Directions:
Exactly the lines starting at the line containing "Retro Matte Lipstick" and ending at the line containing "RAL 150 40 50" are to be written out from the listing below, both included.

The input:

=== Section Start ===

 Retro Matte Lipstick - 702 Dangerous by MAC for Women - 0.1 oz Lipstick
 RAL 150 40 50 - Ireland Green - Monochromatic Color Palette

=== Section End ===
=== Section Start ===

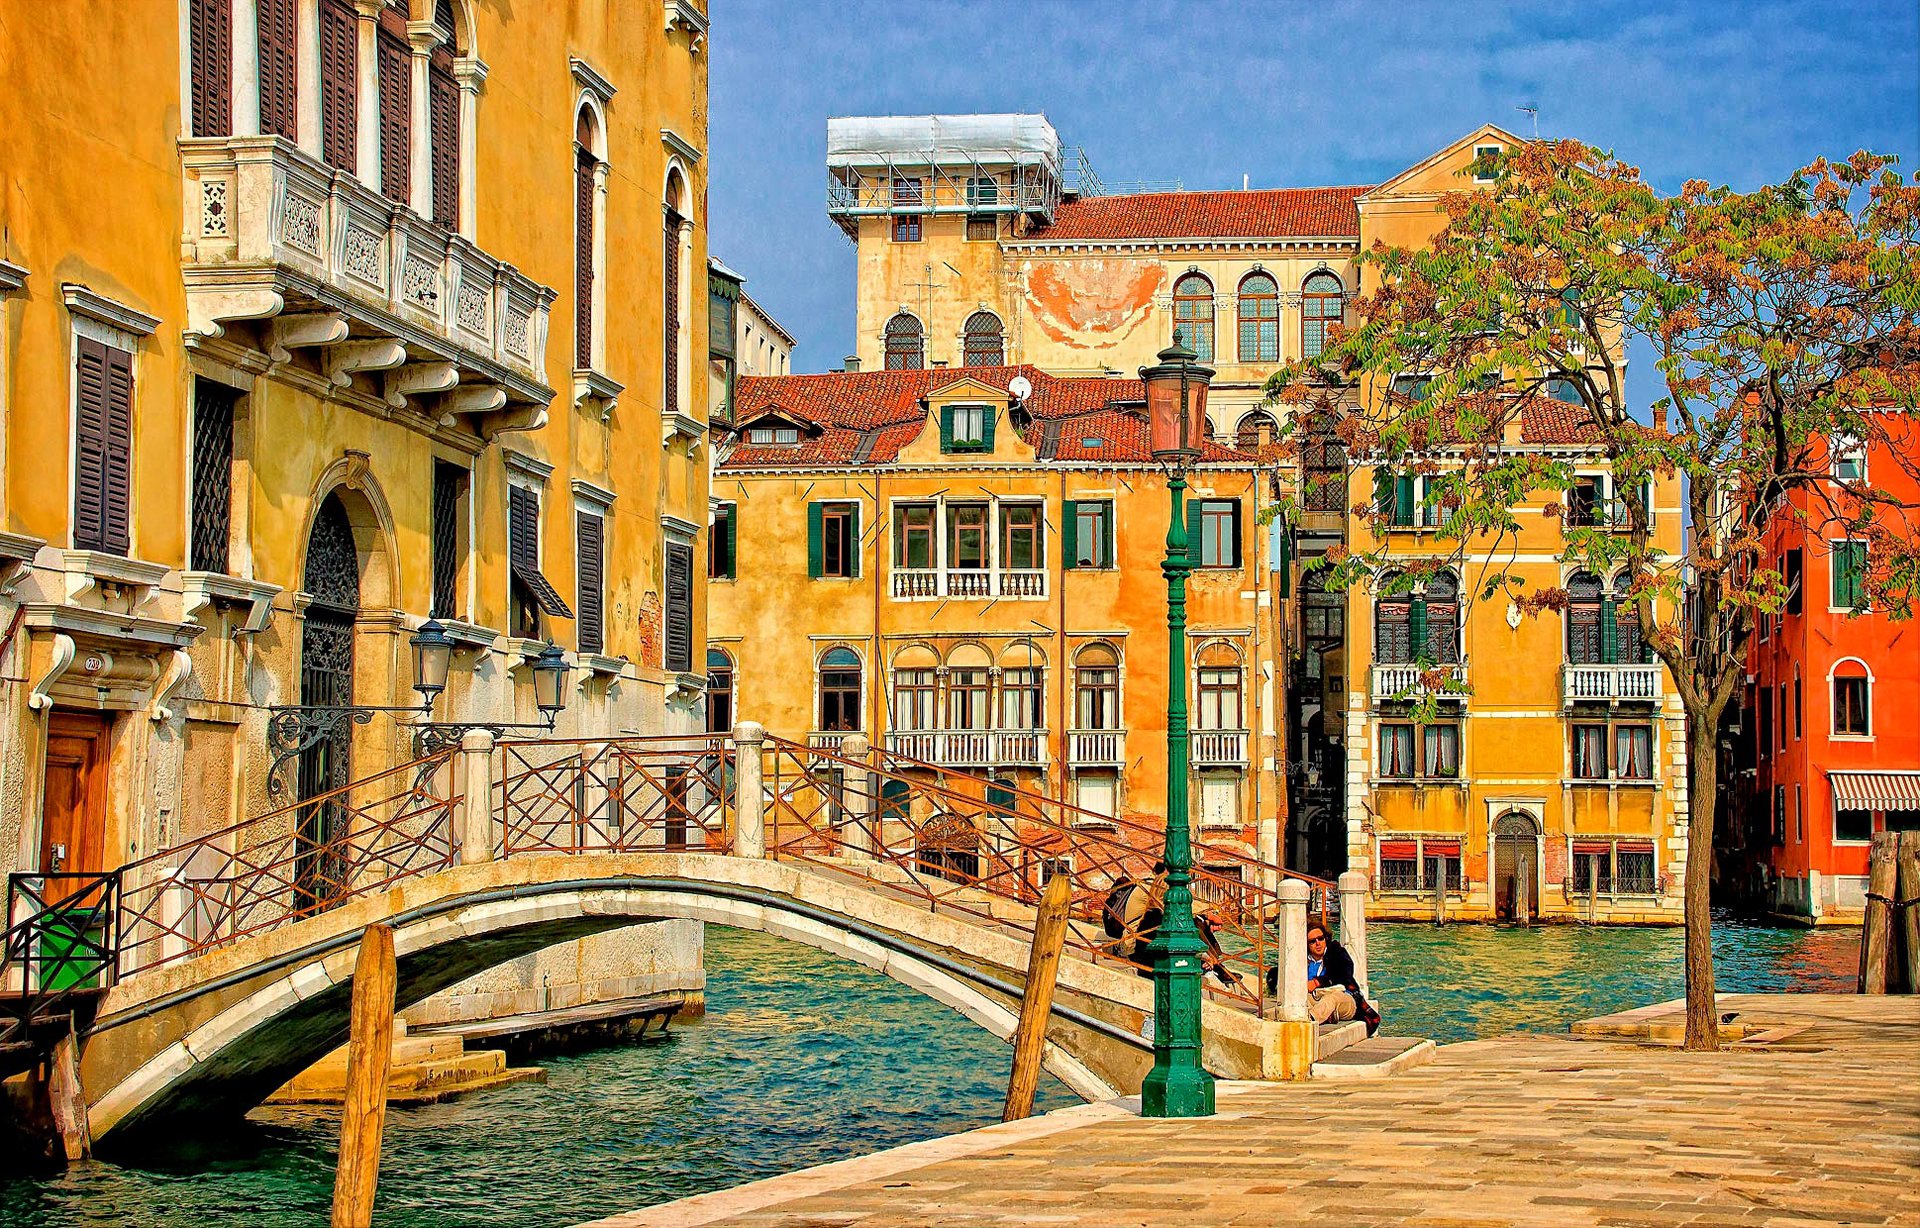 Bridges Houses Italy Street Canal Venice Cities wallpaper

=== Section End ===

Output of the task:
 Retro Matte Lipstick - 702 Dangerous by MAC for Women - 0.1 oz Lipstick
 RAL 150 40 50 - Ireland Green - Monochromatic Color Palette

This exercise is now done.